Before the






          v.                       :CFTC Docket No. 95-R 66





Richard and Carol Hinch brought this summary reparation proceeding against respondents Commonwealth Financial Group, Inc. ("Commonwealth"), a registered introducing broker ("IB"), and its associated person ("AP") Carlton A. Brown, alleging breach of fiduciary duty, churning and failure to supervise in connection with losses in the Hinches' commodity options account. The Judgment Officer issued an initial decision against respondents and awarded $13,651 in damages plus interest and costs. Respondents timely filed and perfected this appeal.


The Hinches filed their complaint on March 27, 1995. After the completion of prehearing proceedings, the Judgment Officer held a telephonic hearing on September 19, 1995, to take the oral testimony of Richard Hinch and Carlton Brown. On April 19, 1996, the Judgment Officer issued an initial decision finding that Brown had churned the Hinches' account in violation of Section 4c(b) of the Commodity Exchange Act ("Act"), 7 U.S.C. 6c(b) (1994), and Commission Rule 33.10, 17 C.F.R. 33.10 (1997); that Commonwealth was liable for Brown's misconduct pursuant to Section 2(a)(1)(A)(iii), 7 U.S.C. 2(a)(1)(A); and that Commonwealth violated Commission Rule 166.3, 17 C.F.R. 166.3 (1997)(duty to supervise).

The Hinches maintained their account at Commonwealth from May 1994 through August 1994. According to Richard Hinch, a machinist with a tenth-grade education, he saw a television infomercial in April 1994 that promoted an options trading strategy based upon seasonal trends in unleaded gasoline prices. This strategy called for the purchase of call options on unleaded gasoline futures contracts in anticipation of increasing prices resulting from rising demand for unleaded gasoline during the summer travel season.

Hinch spoke by telephone with Randi Levine, a Commonwealth associated person, after he responded to the television advertisement. Hinch was unclear about the sequence of events surrounding the initial contact with Levine, although he did recall that the commercial did not mention Commonwealth by name. (Tr. at 37-38) The Hinches were provided with a "Special Report on Unleaded Gasoline" ("Special Report") which was prepared by Commonwealth for its clients. The Special Report, like the commercial, promoted the seasonal strategy for trading unleaded gasoline contracts. The Special Report advised readers to buy and hold the options "now" and to ignore temporary dips in their value. The Hinches opened a nondiscretionary commodity options account and on May 5, 1994, purchased five September unleaded gasoline call options. They paid a total of $5,000 from which Commonwealth deducted $1,000 in commissions. No other trades were executed for the account while Levine handled it. At one point, Hinch rejected her recommendation to purchase corn options. (Tr. at 39)

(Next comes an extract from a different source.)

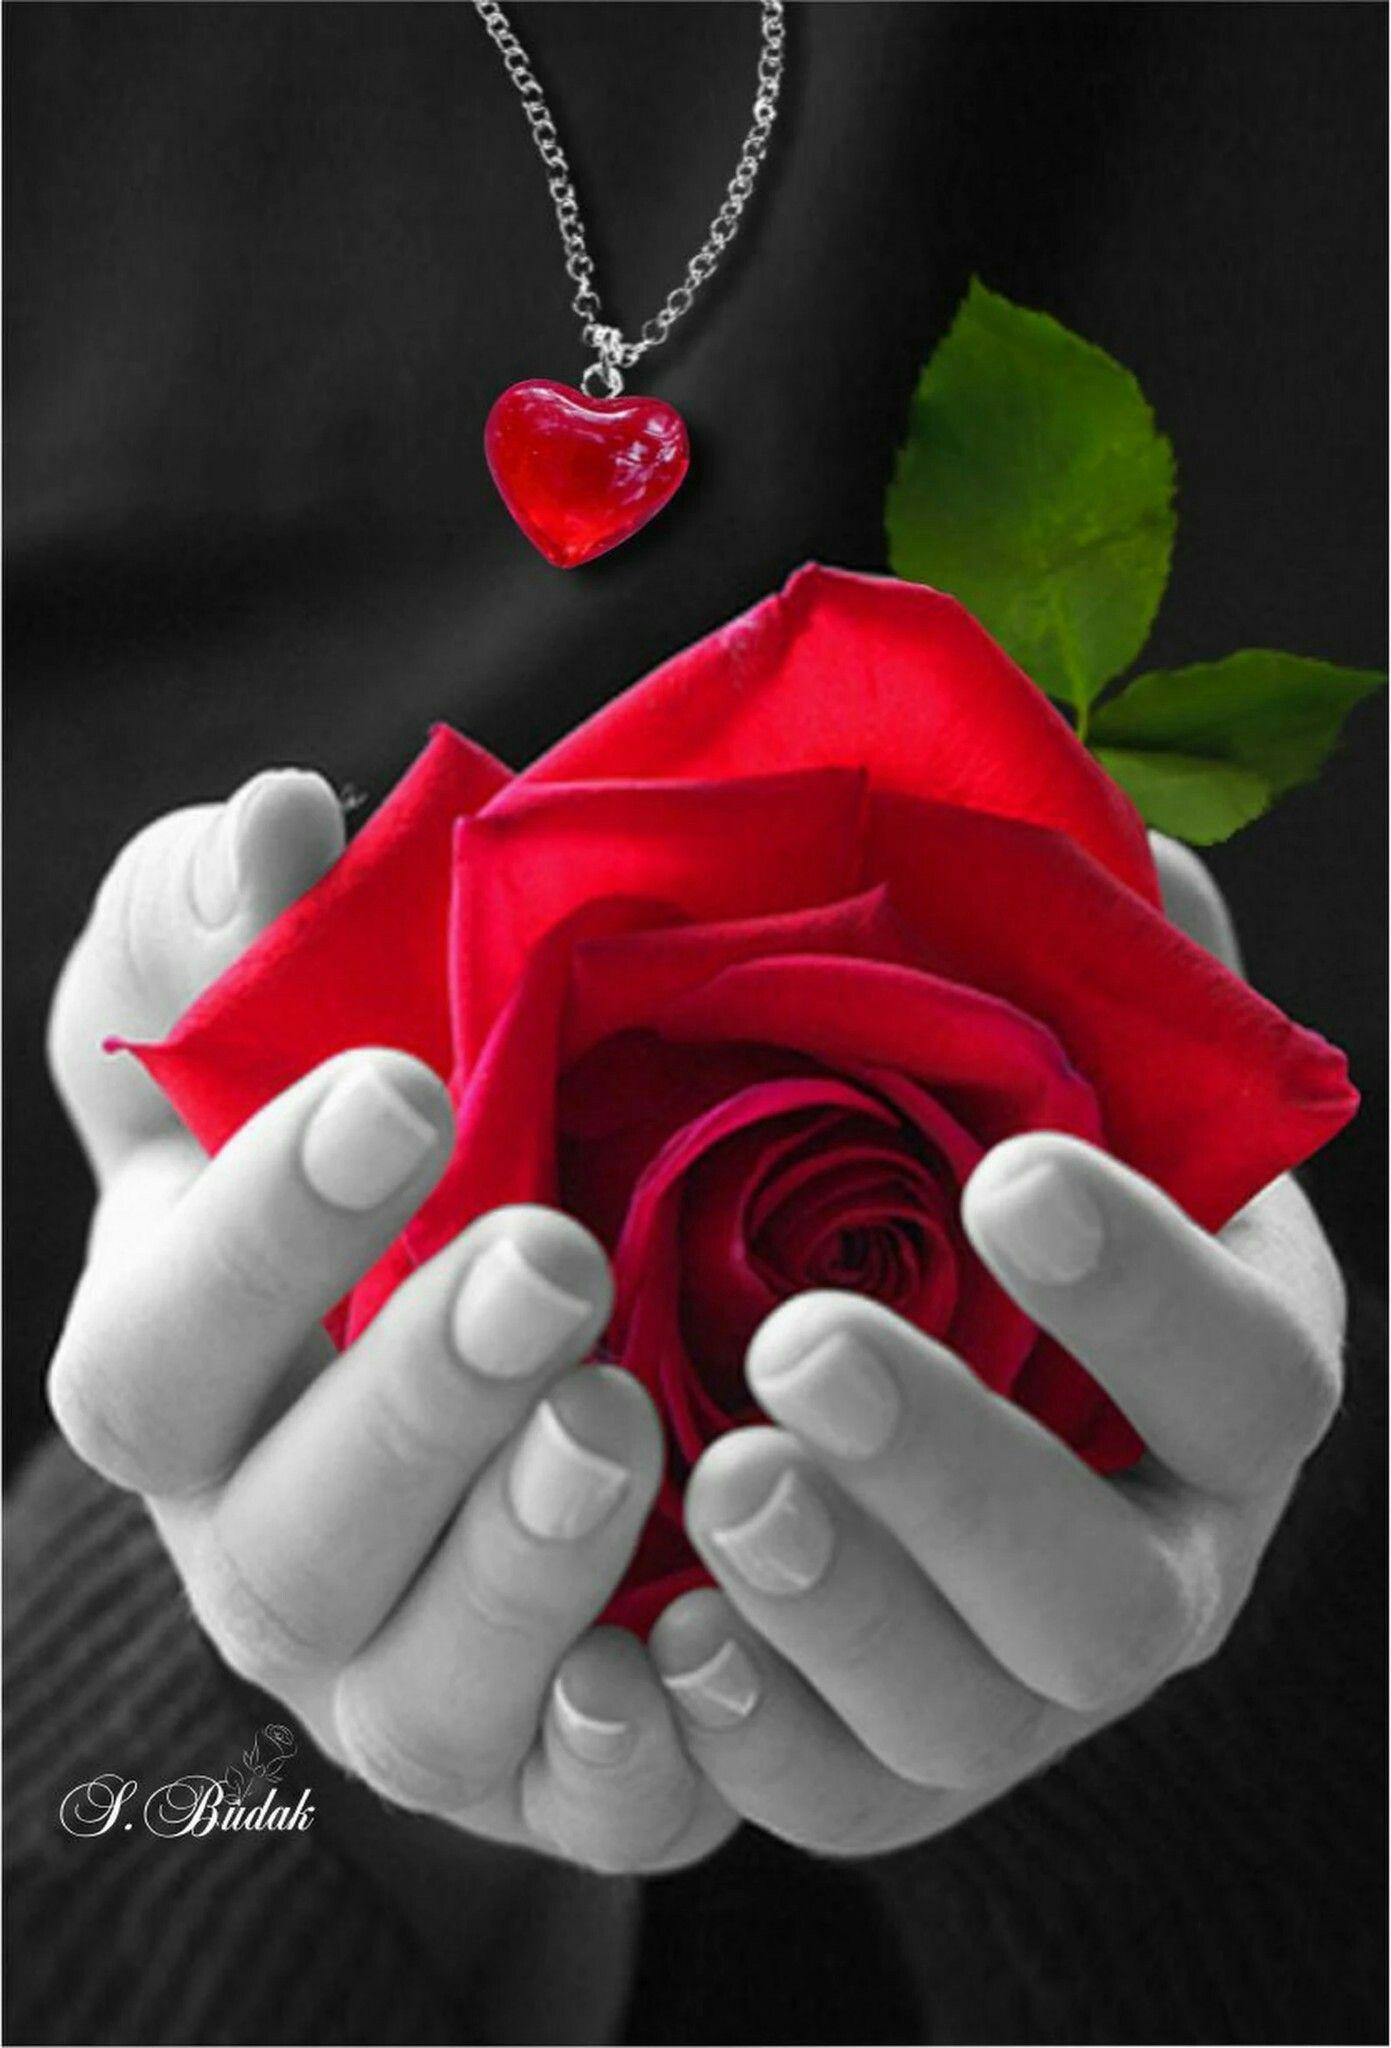 para algum muito especial voc fleurs pinterest beautiful flowers para algum muito especial voc izmirmasajfo Images

Respondent Brown became the Hinches' AP after Levine was stricken by illness in mid-June 1994. According to Hinch, he was "a little bit shook" when Brown told him that he could not understand why Levine "got you into this gas." (Tr. at 47) Hinch testified that Brown recommended that the Hinches exit their unleaded gasoline position and establish a position in heating oil contracts because of "potential war in Korea or something in Africa, something about the oil or something." (Tr. at 49)

The Hinches followed Brown's recommendation. They sold the unleaded gasoline contracts for a profit and established a new position in heating oil options. Hinch said that, while he maintained his Commonwealth account, his reliance on Brown's recommendations was "total." (Tr. at 57)

Once Brown took over the their account, the Hinches made a series of trades in option contracts on heating oil, coffee, and Swiss franc futures from mid-June through late August 1994. Thus, on June 15, 1994, the Hinches' position in unleaded gasoline options was liquidated for a net profit of $1,185. On June 20, 1994, the Hinches purchased October heating oil options (ten calls and three puts for a partial hedge) for $11,830, from which they paid $2,600 in commissions. On June 30, July 1, and July 7, 1994, the Hinches purchased a total of six September coffee puts for a total purchase price of $6,337 and for which they paid $1,200 in commissions.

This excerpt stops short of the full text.